*** Provided information ***
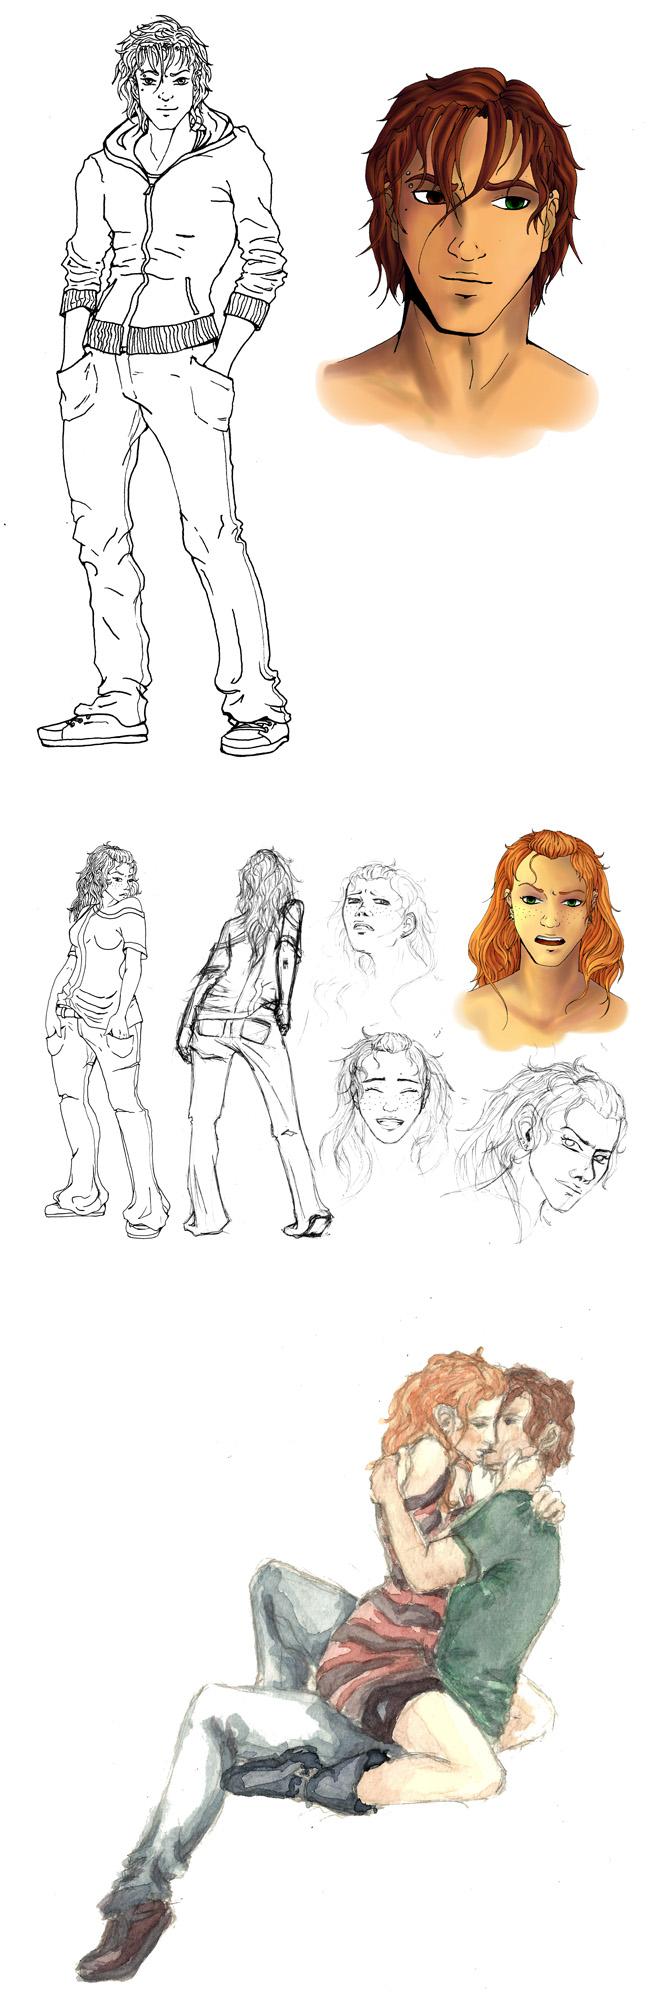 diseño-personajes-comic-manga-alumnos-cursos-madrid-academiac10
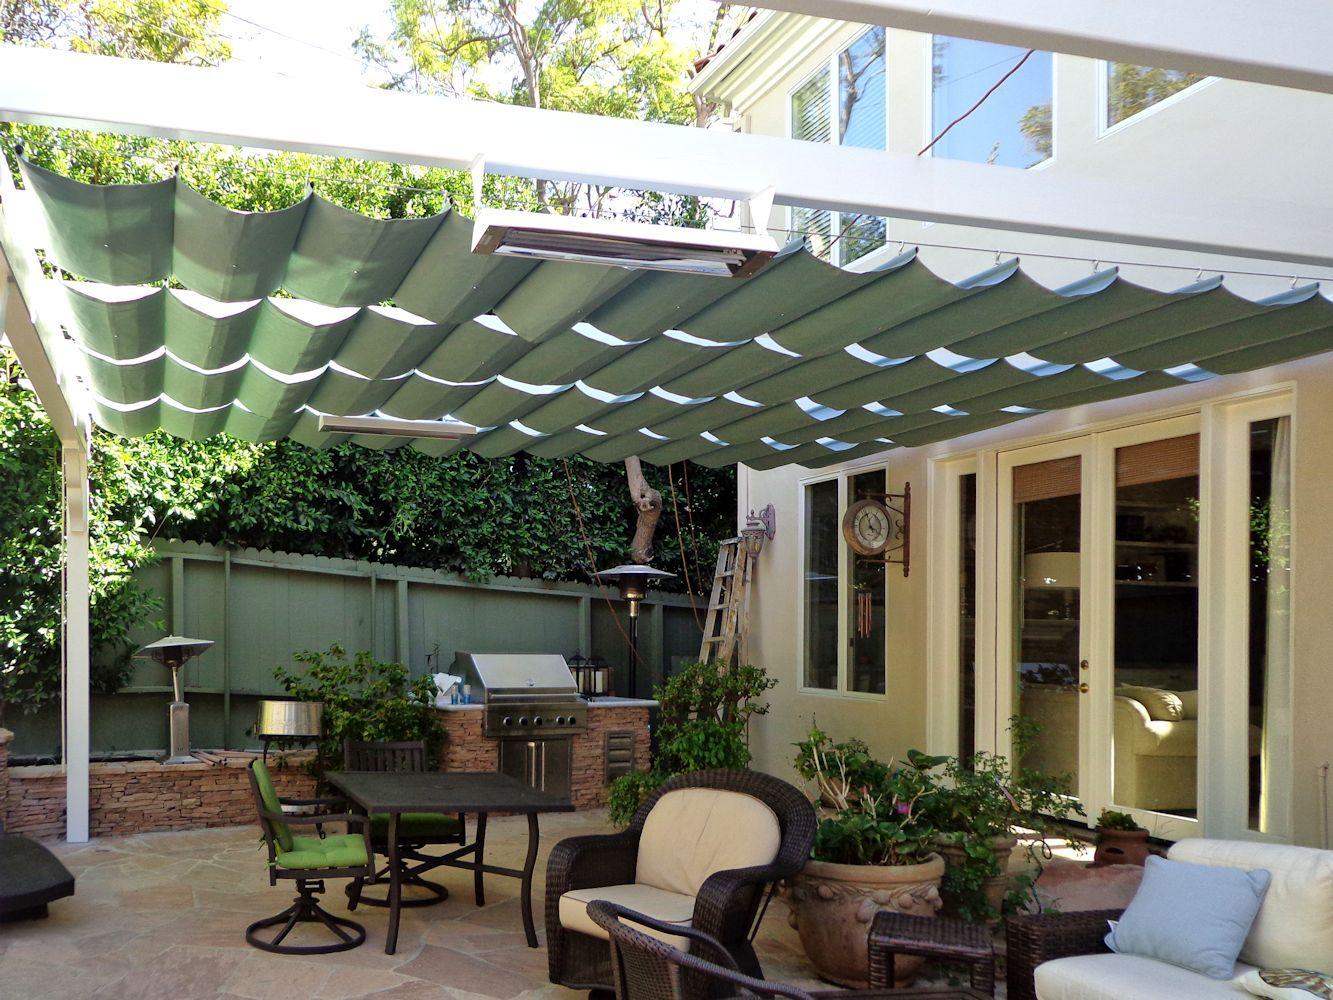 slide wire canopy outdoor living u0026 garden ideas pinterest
*** End of Provided information ***
*** Provided information ***
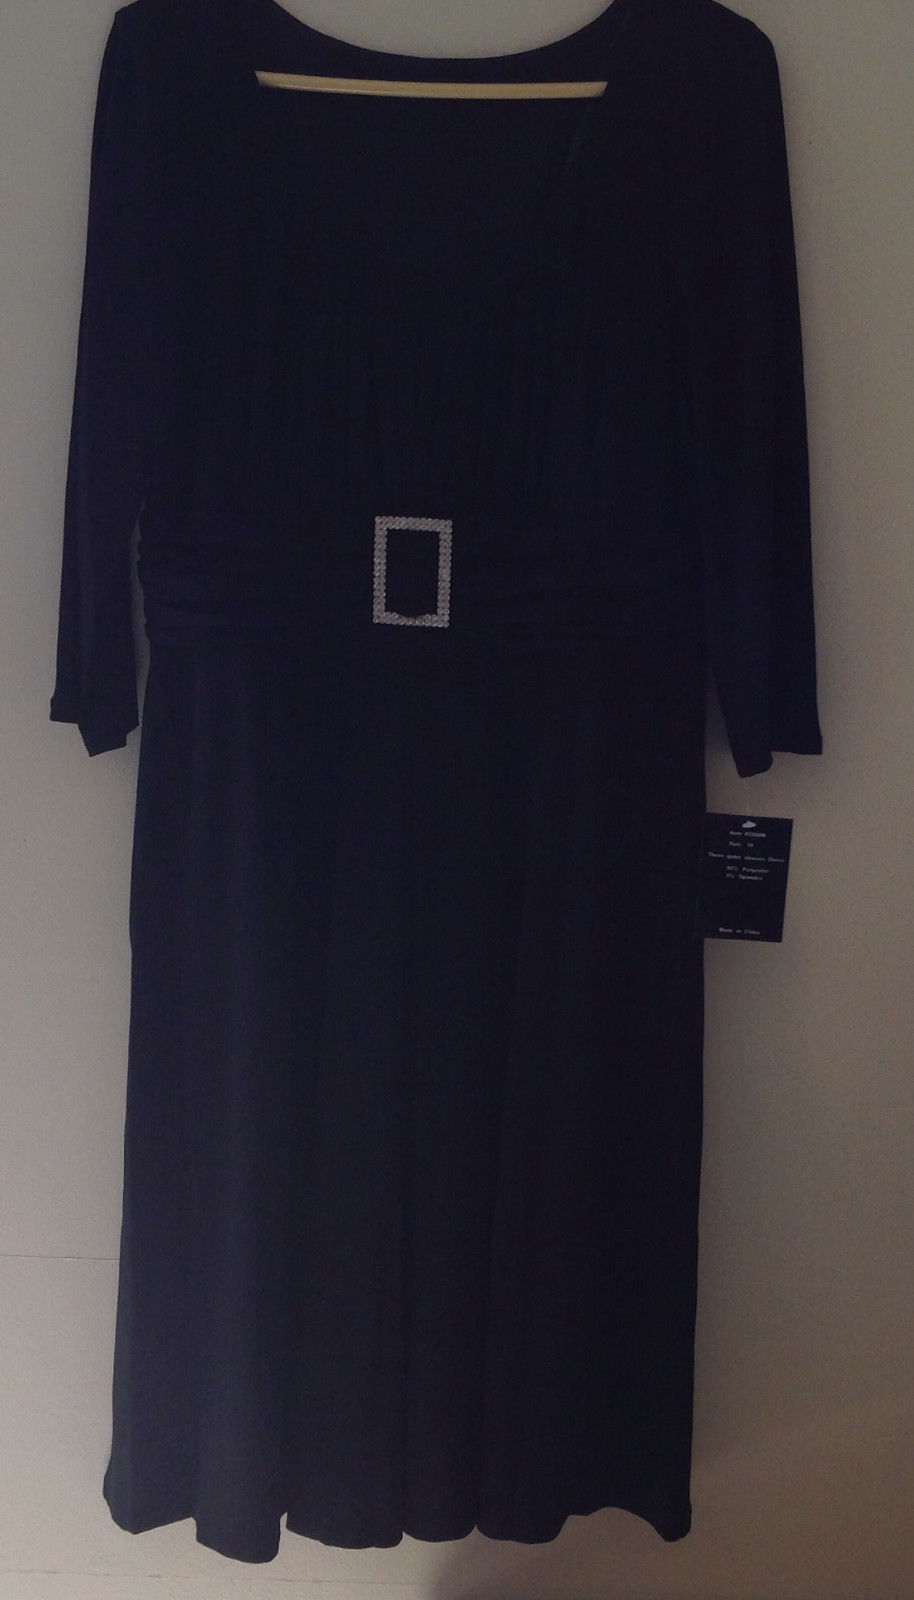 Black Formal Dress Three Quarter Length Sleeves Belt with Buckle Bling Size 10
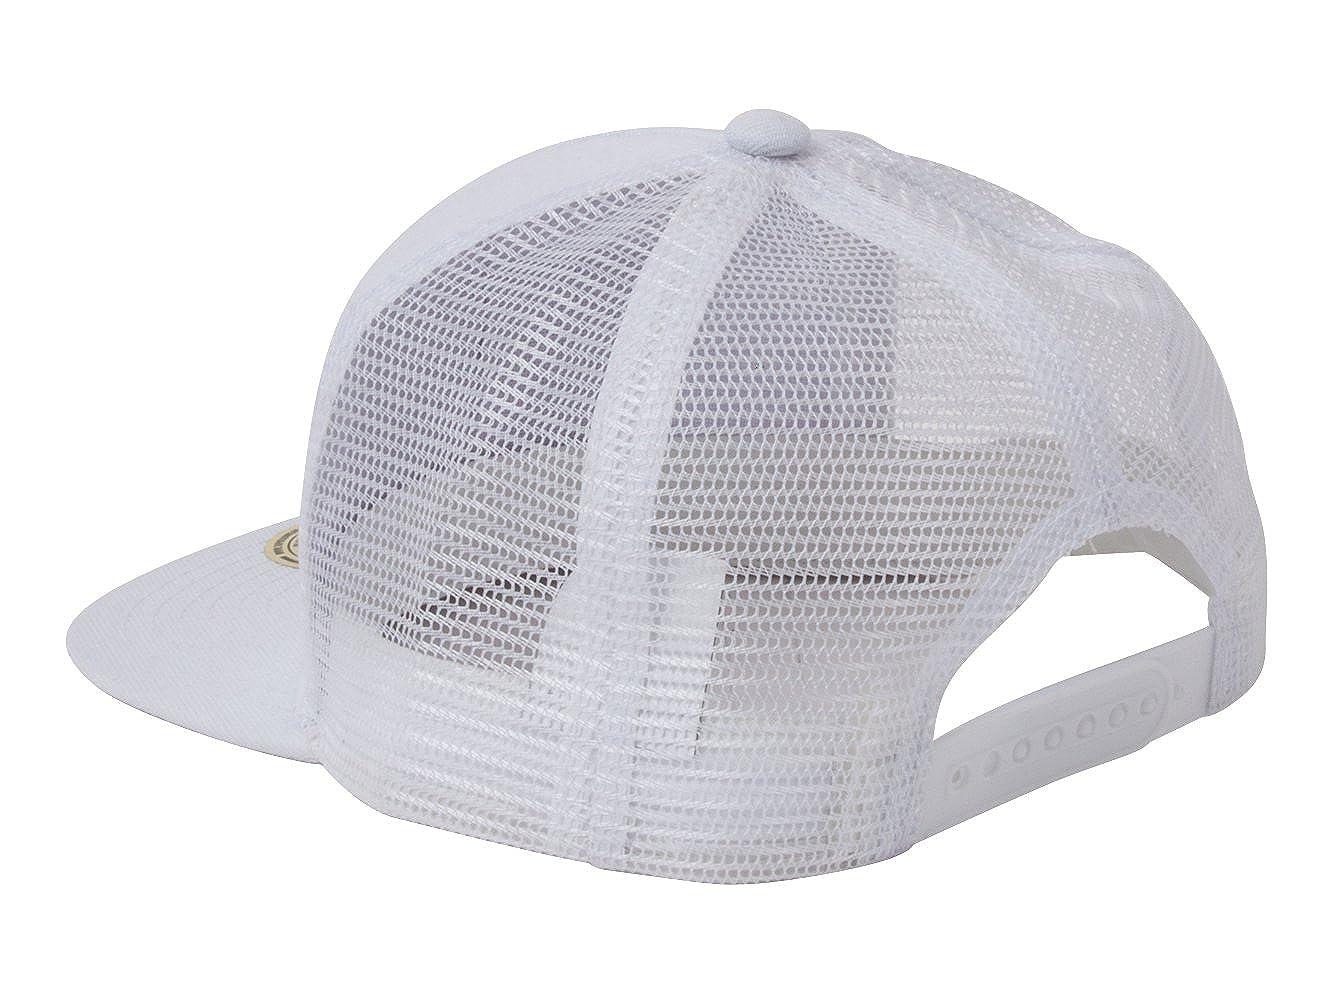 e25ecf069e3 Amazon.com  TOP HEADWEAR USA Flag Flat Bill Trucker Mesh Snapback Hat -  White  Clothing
*** End of Provided information ***
**Task brief**.
Copy out the listing above from the line containing "diseño-persona" to the line containing "slide wire canopy", both included, exactly as written and minus the images.

**Answer for this exercise**.
 diseño-personajes-comic-manga-alumnos-cursos-madrid-academiac10
 slide wire canopy outdoor living u0026 garden ideas pinterest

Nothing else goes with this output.